第10回 デプロイ基盤の本番前チェック — Cloudflare / Vercel / Supabase 横断で見る
公開直前に3つの基盤を同じ観点で点検するための1枚の表を作ります。秘密情報の分離、環境の分離、公開範囲、鍵の種類、流入制御、短命な認証情報という6観点を、Cloudflare / Vercel / Supabase の3列で並べ、無料枠で何ができるかまで正直に書きます。
この回のキーメッセージ
プラットフォームは「デフォルトで安全」ではなく「安全にできる」だけです。公開直前に必要なのは各基盤の使い方の再学習ではなく、3つの基盤を同じ6つの観点で横に並べた1枚の点検表です。
第7回から第9回までは、生成されたコードそのものをどう読むかを扱いました。ここからは視点を外へ移します。コードが正しくても、それを載せる基盤の設定が抜けていれば結果は同じだからです。むしろ AI に実装を任せる比率が上がるほど、事故は「コードの誤り」より「設定の空欄」として現れます。エージェントはアプリケーションコードは書きますが、ダッシュボードのトグルは押しません。
この回で作るのは、公開ボタンを押す直前に上から順に見ていく1枚の表 です。Cloudflare / Vercel / Supabase のどれを使っているかで見る場所は変わりますが、確認したい問いは3つとも同じ です。ですから章はプラットフォームごとではなく、観点ごとに切ります。1つの観点につき3列を並べ、「どこで設定するか」「無料枠で足りるか」「どう確認するか」を書きます。

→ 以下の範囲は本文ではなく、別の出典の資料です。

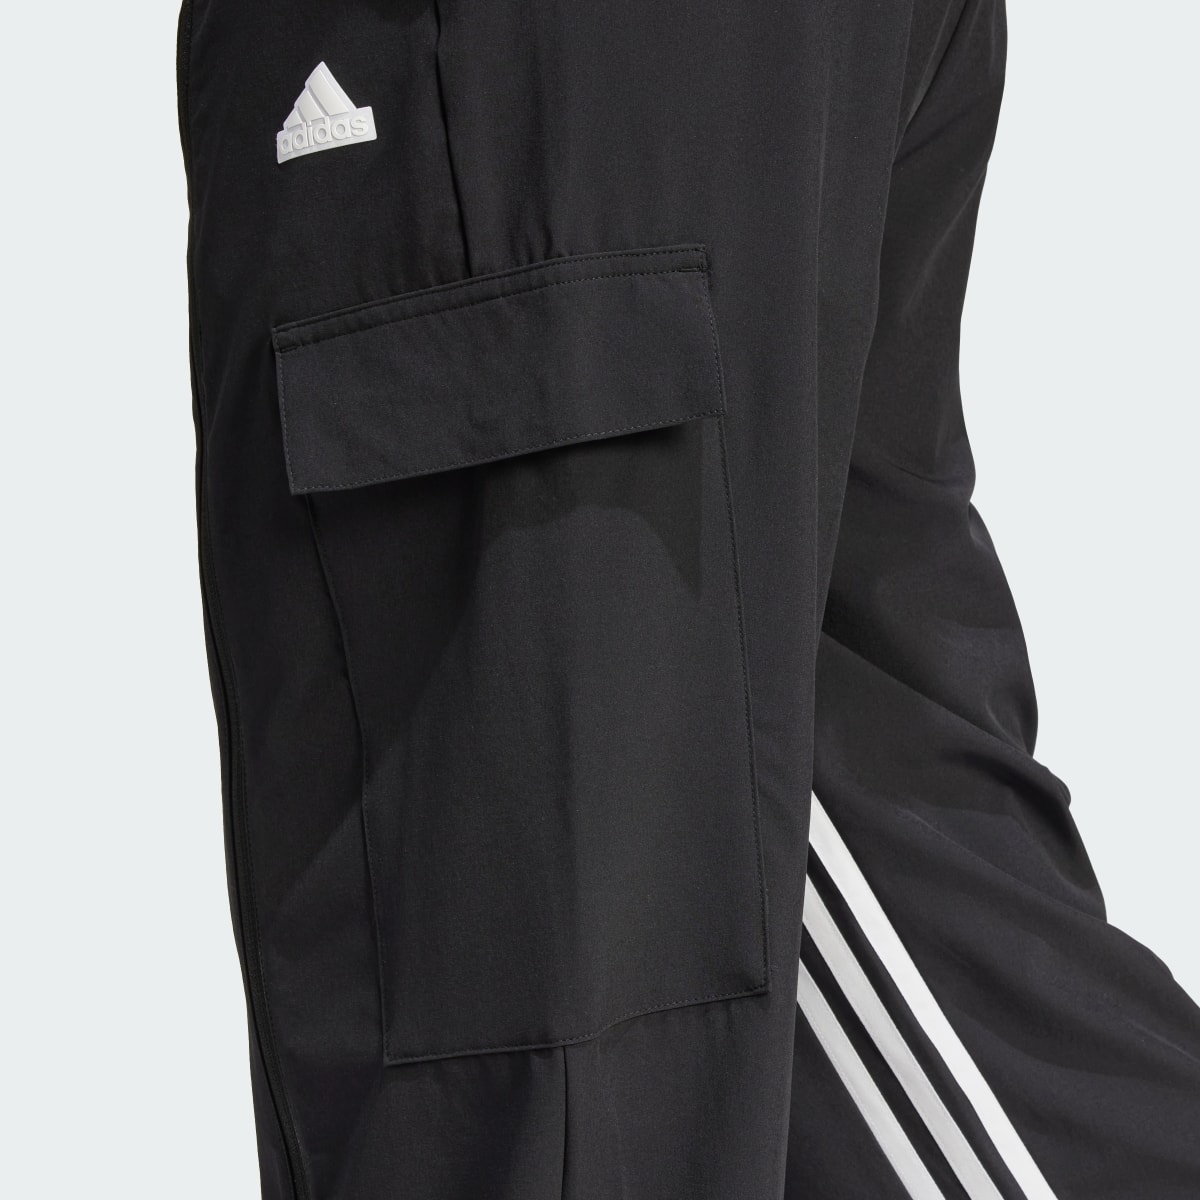 Adidas Express All-Gender Cargo Tracksuit Bottoms. 5
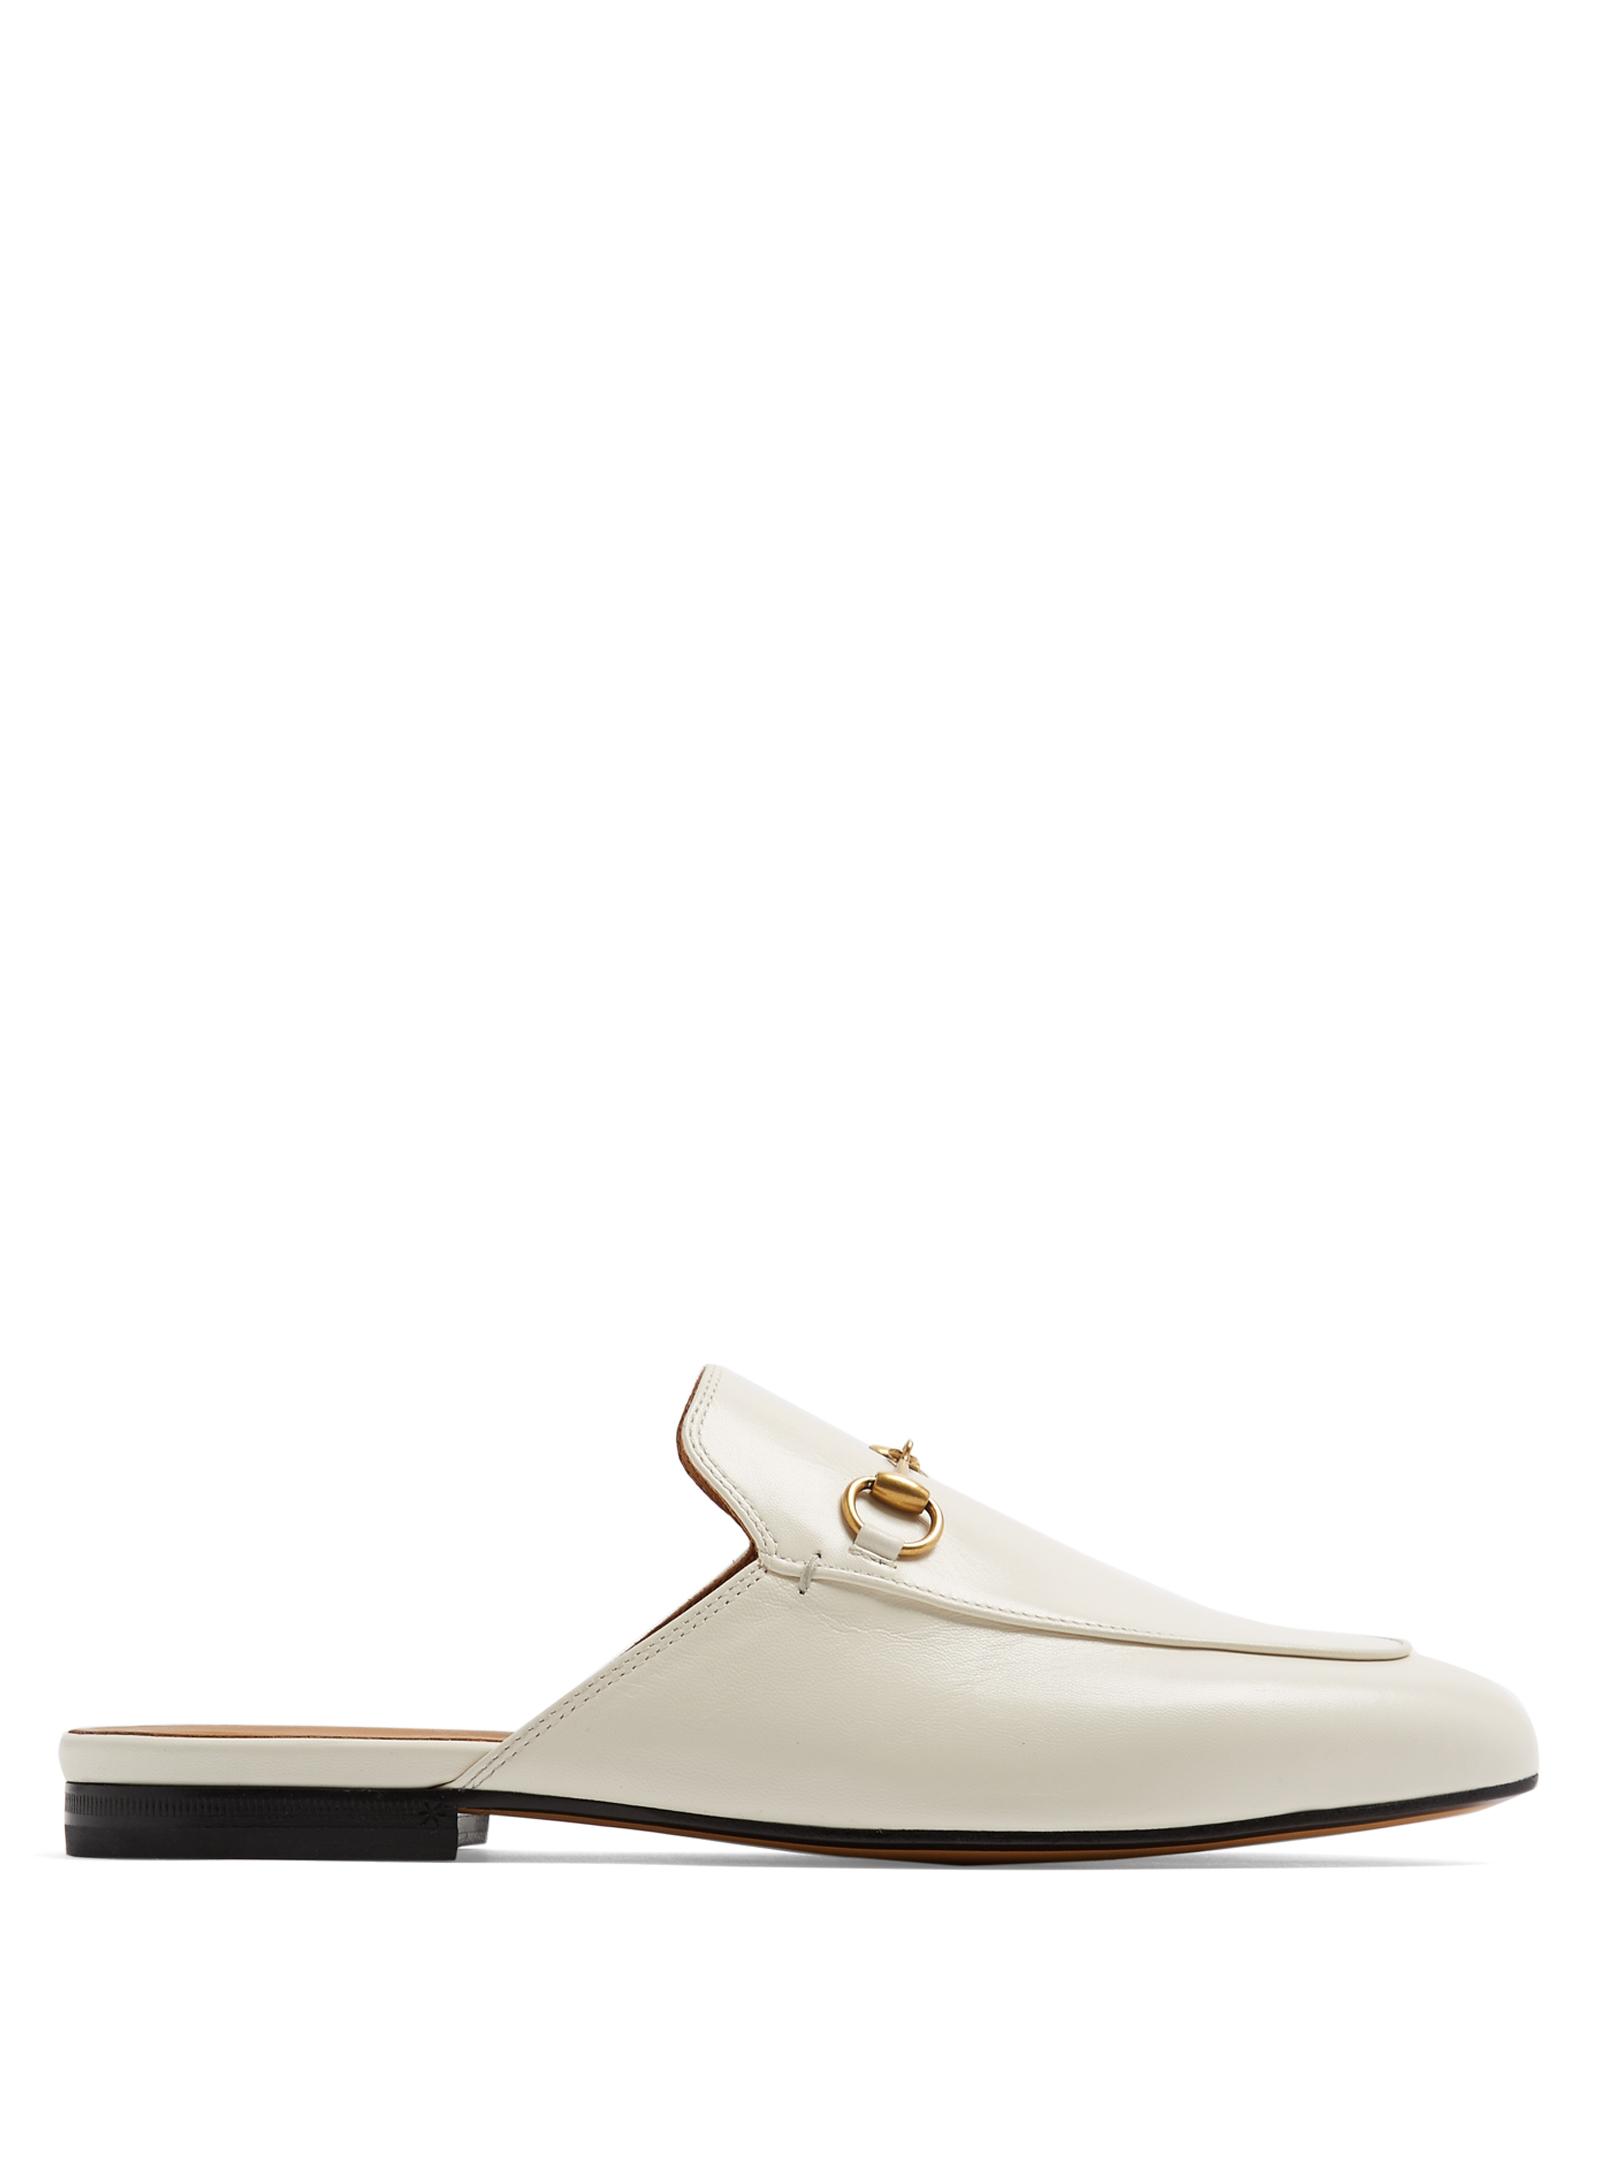 Lyst - Gucci Princetown Leather Backless Loafers in White - Save 5%

各プラットフォームの使い方そのものは、すでに入門コースと安全度マップで扱っています。ここでは手順を一から説明せず、必要な箇所でそちらへ渡します。
| 目的 | 参照先 |
|---|---|
| Cloudflare の本番公開・環境分離・シークレットの手順 | 公開して運用する(Cloudflare) |
| Vercel の Deployment Protection の各方式 | 管理画面を守る(Vercel) |
| Vercel の環境変数・ドメイン運用 | 公開して運用する(Vercel) |
| Supabase の運用・ブランチング・バックアップ | 公開して運用する(Supabase) |
| 機能ごとの安全度とプラン依存 | Vercel 安全に使える領域マップ / Supabase 安全に使える領域マップ |
1. 点検表の骨格 — 6つの観点
先に全体像を置きます。以下の6つが、3つの基盤に共通して「設定しなければ守られない」箇所です。
| # | 観点 | 抜けたときに起きること |
|---|---|---|
| 1 | 秘密情報がコードとビルドから分離されているか | リポジトリ・ビルドログ・クライアントバンドルへの鍵の混入 |
| 2 | 本番と検証が分かれているか | プレビュー環境が本番のデータを書き換える |
| 3 | 公開範囲が意図通りか | 未完成の管理画面や検証用データが認証なしで見える |
| 4 | 認証情報の種類を取り違えていないか | 管理者権限の鍵がブラウザへ配布される |
| 5 | 外部からの流入をどこで絞るか | 総当たり・スクレイピング・課金の急増を止める場所がない |
| 6 | 短命な認証情報に置き換えられるか | 漏れた鍵が失効するまで有効なまま残る |
順番には意味があります。1〜2は「作るとき」に決まってしまい、後から直すとローテーションが必要になります。3〜4は公開の瞬間に効きます。5〜6は公開後に効いてくるもので、最初から完璧である必要はありませんが、どこに入れるかだけは決めておく必要があります。
以降、この順に見ていきます。
2. 観点1 — 秘密情報がコードとビルドから分離されているか
問いは「鍵がリポジトリに無いか」だけではありません。ビルドステップに渡っているか、ダッシュボードから読み出せるか も同じ観点に含まれます。ビルド時に参照できる値はビルドログに出得ますし、読み出せる値は管理アカウントが侵害されたときに読み出されます。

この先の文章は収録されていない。